MATERIALS PROVIDED:

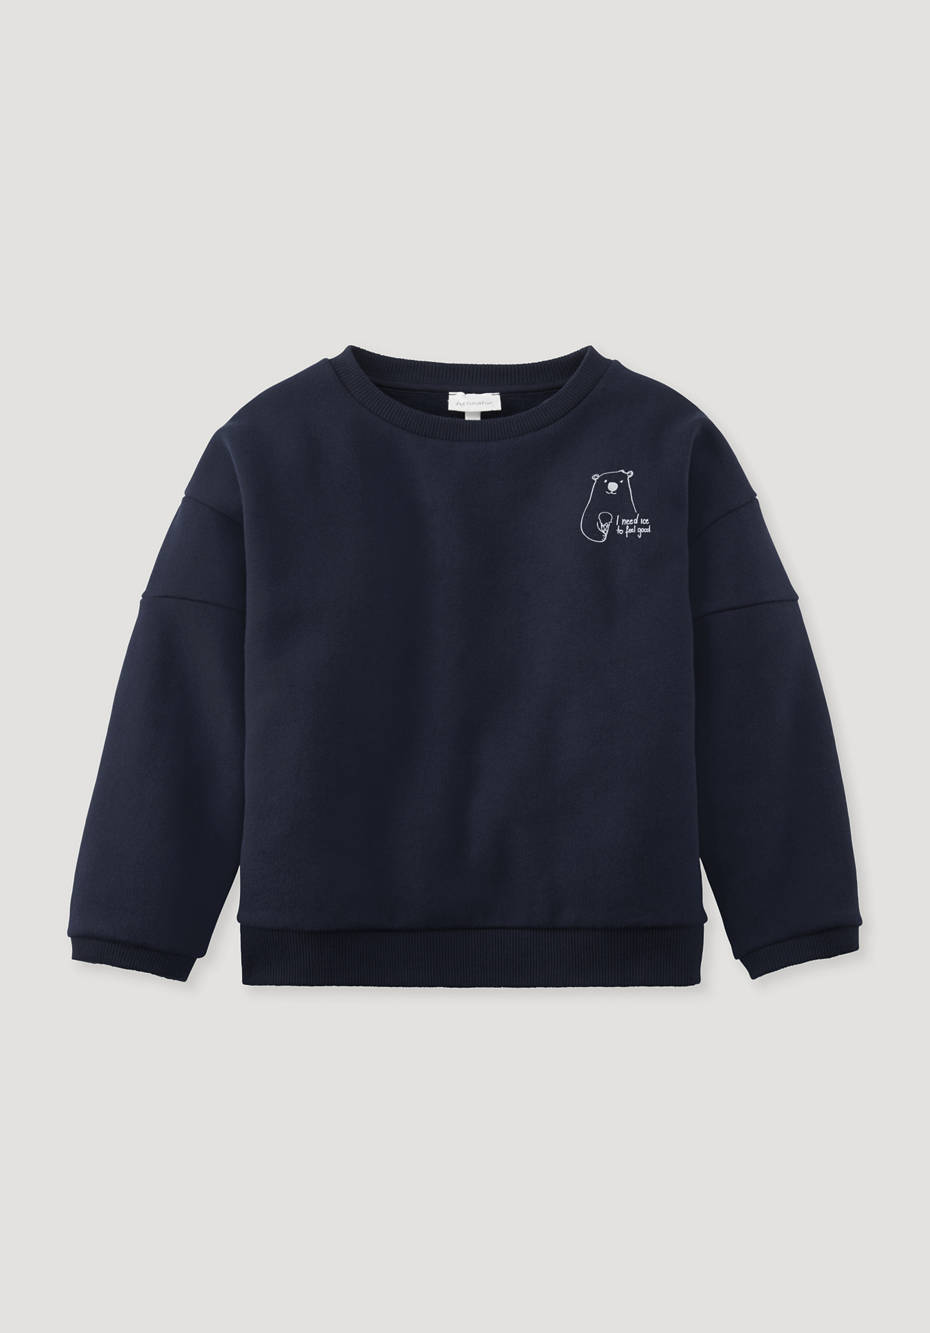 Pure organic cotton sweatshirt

---

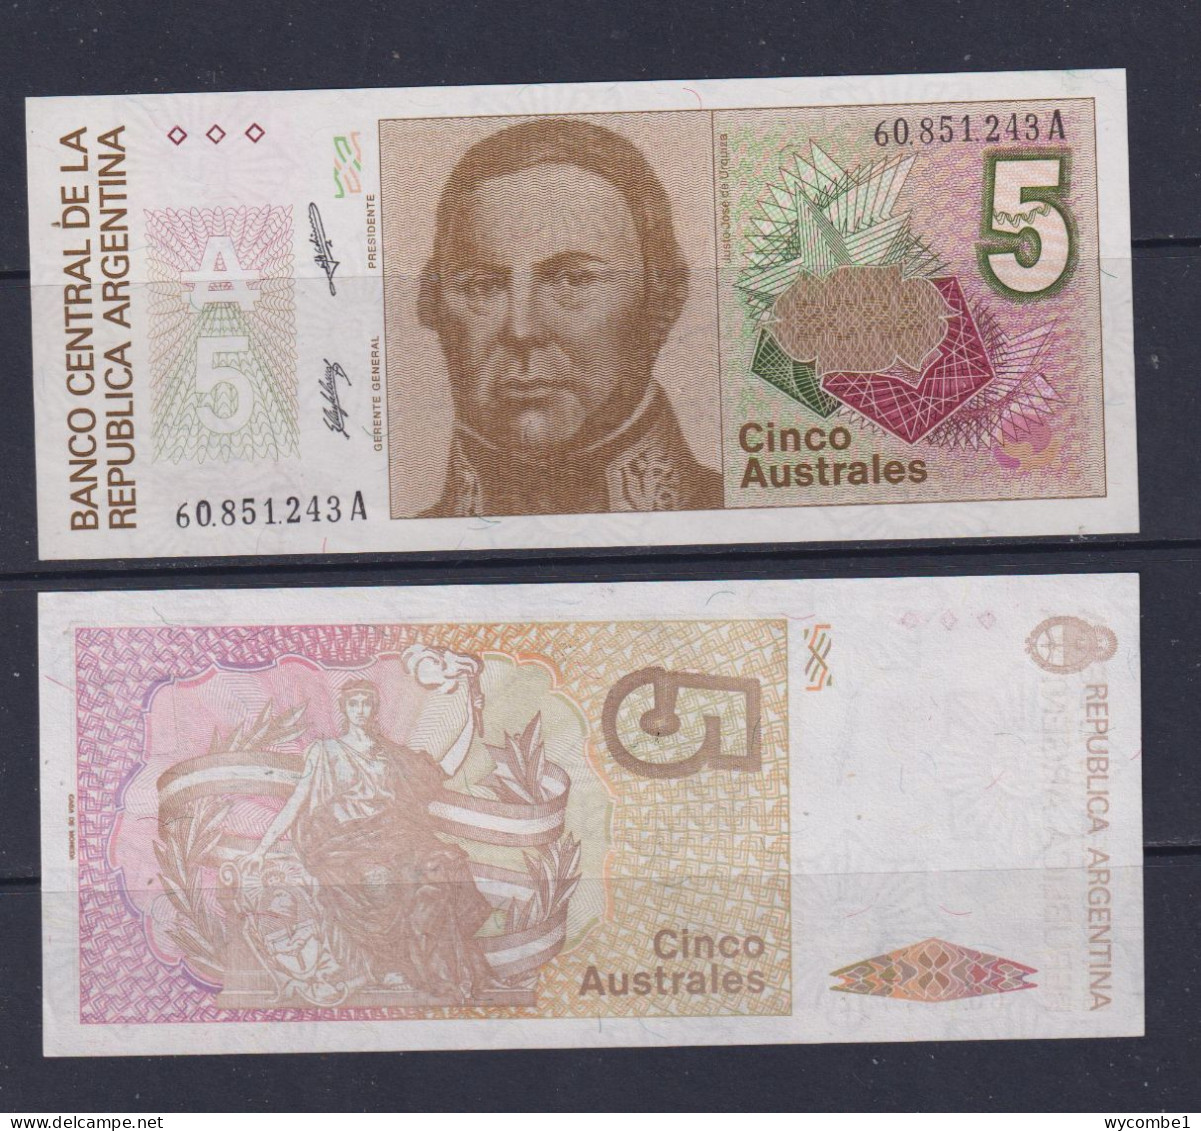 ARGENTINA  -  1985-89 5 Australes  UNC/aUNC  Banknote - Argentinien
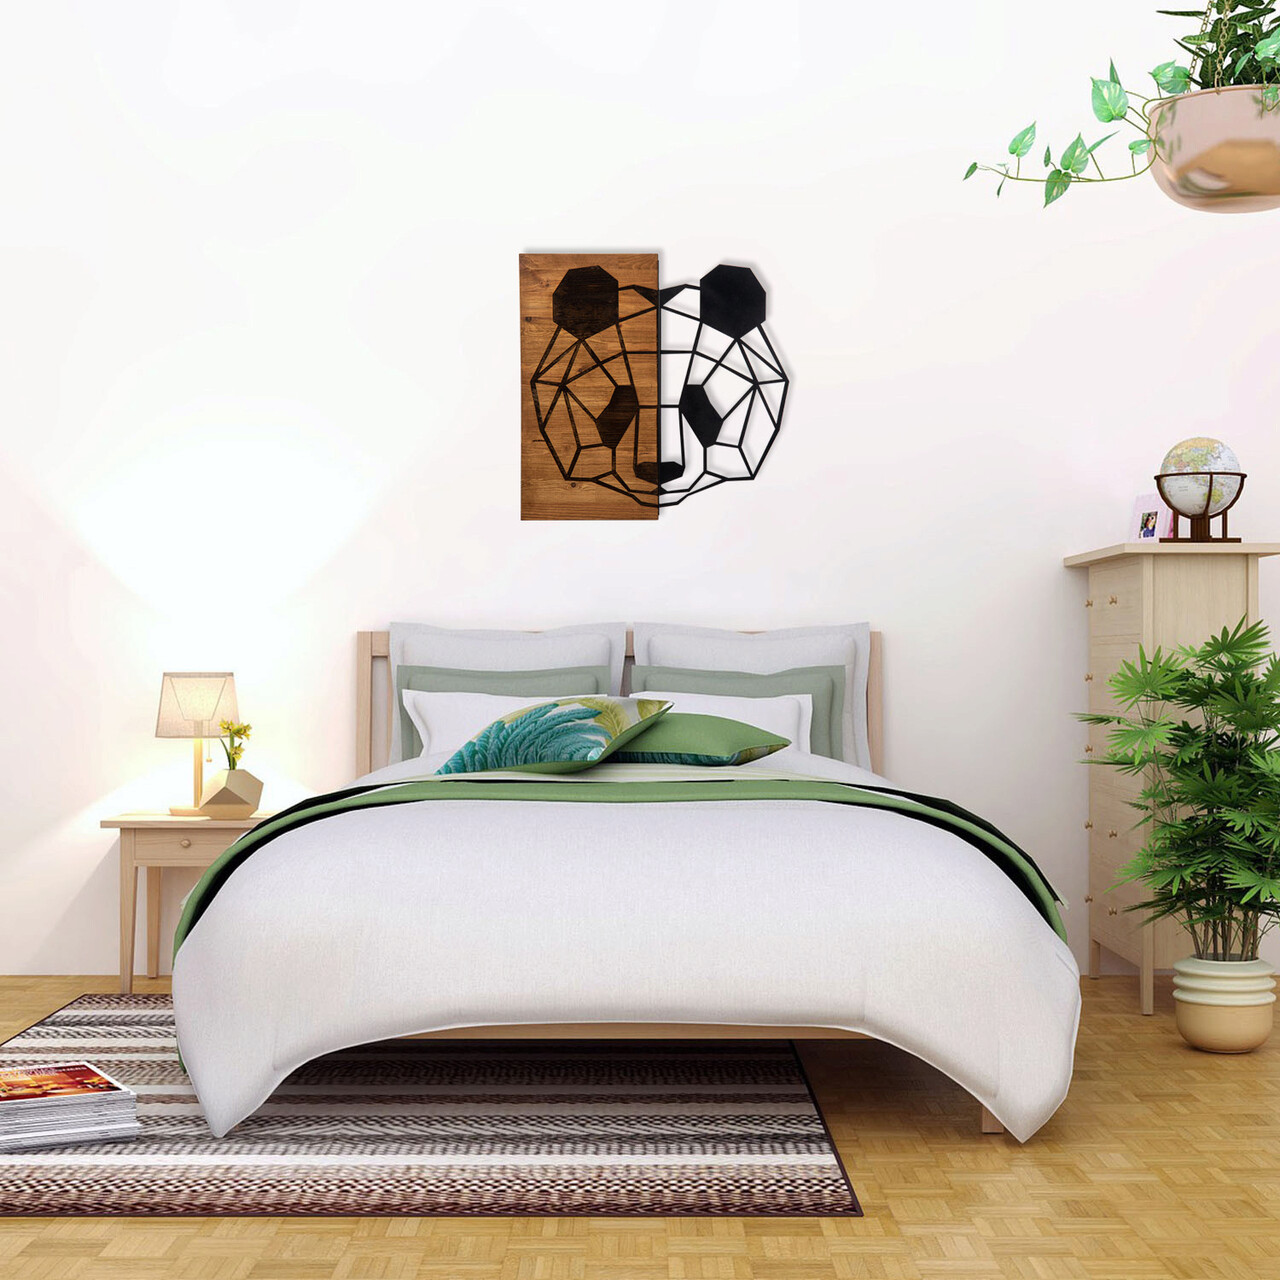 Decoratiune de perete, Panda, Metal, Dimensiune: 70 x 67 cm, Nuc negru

--

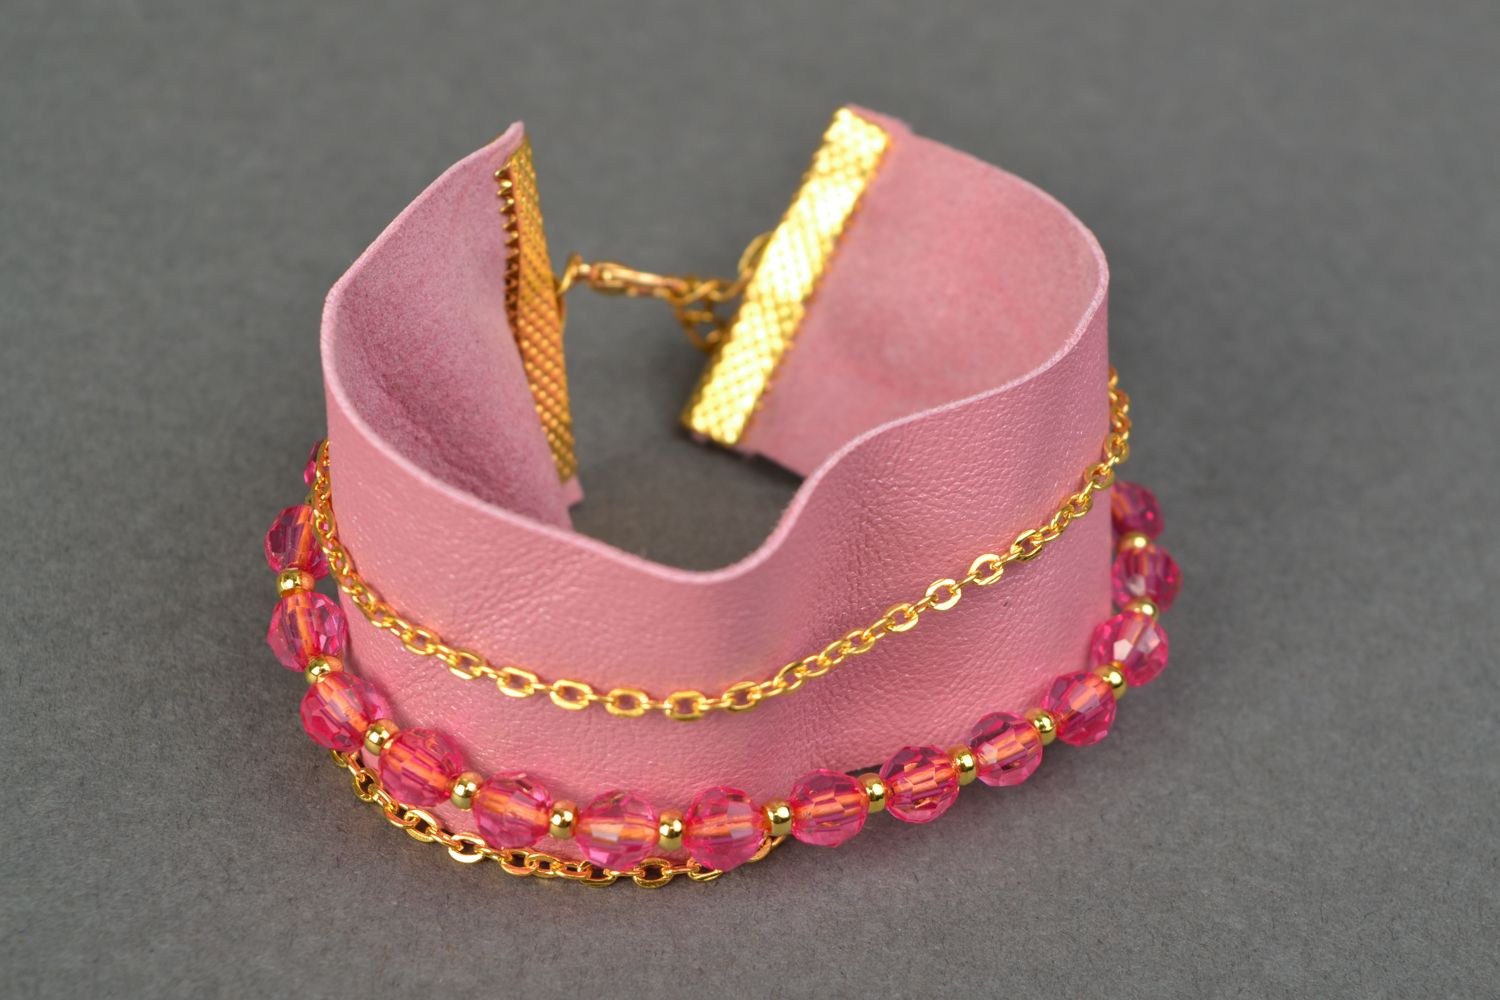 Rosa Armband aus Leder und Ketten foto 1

WHAT TO PRODUCE: In the records above, find the line containing "Banknote - Argentinien" and the line containing "Decoratiune de perete, Panda, Metal, Dimensiune: 70", then give both of them again word for word along with every line between. Omit any pictures.

WRITTEN RESPONSE:
 ARGENTINA  -  1985-89 5 Australes  UNC/aUNC  Banknote - Argentinien
 Decoratiune de perete, Panda, Metal, Dimensiune: 70 x 67 cm, Nuc negru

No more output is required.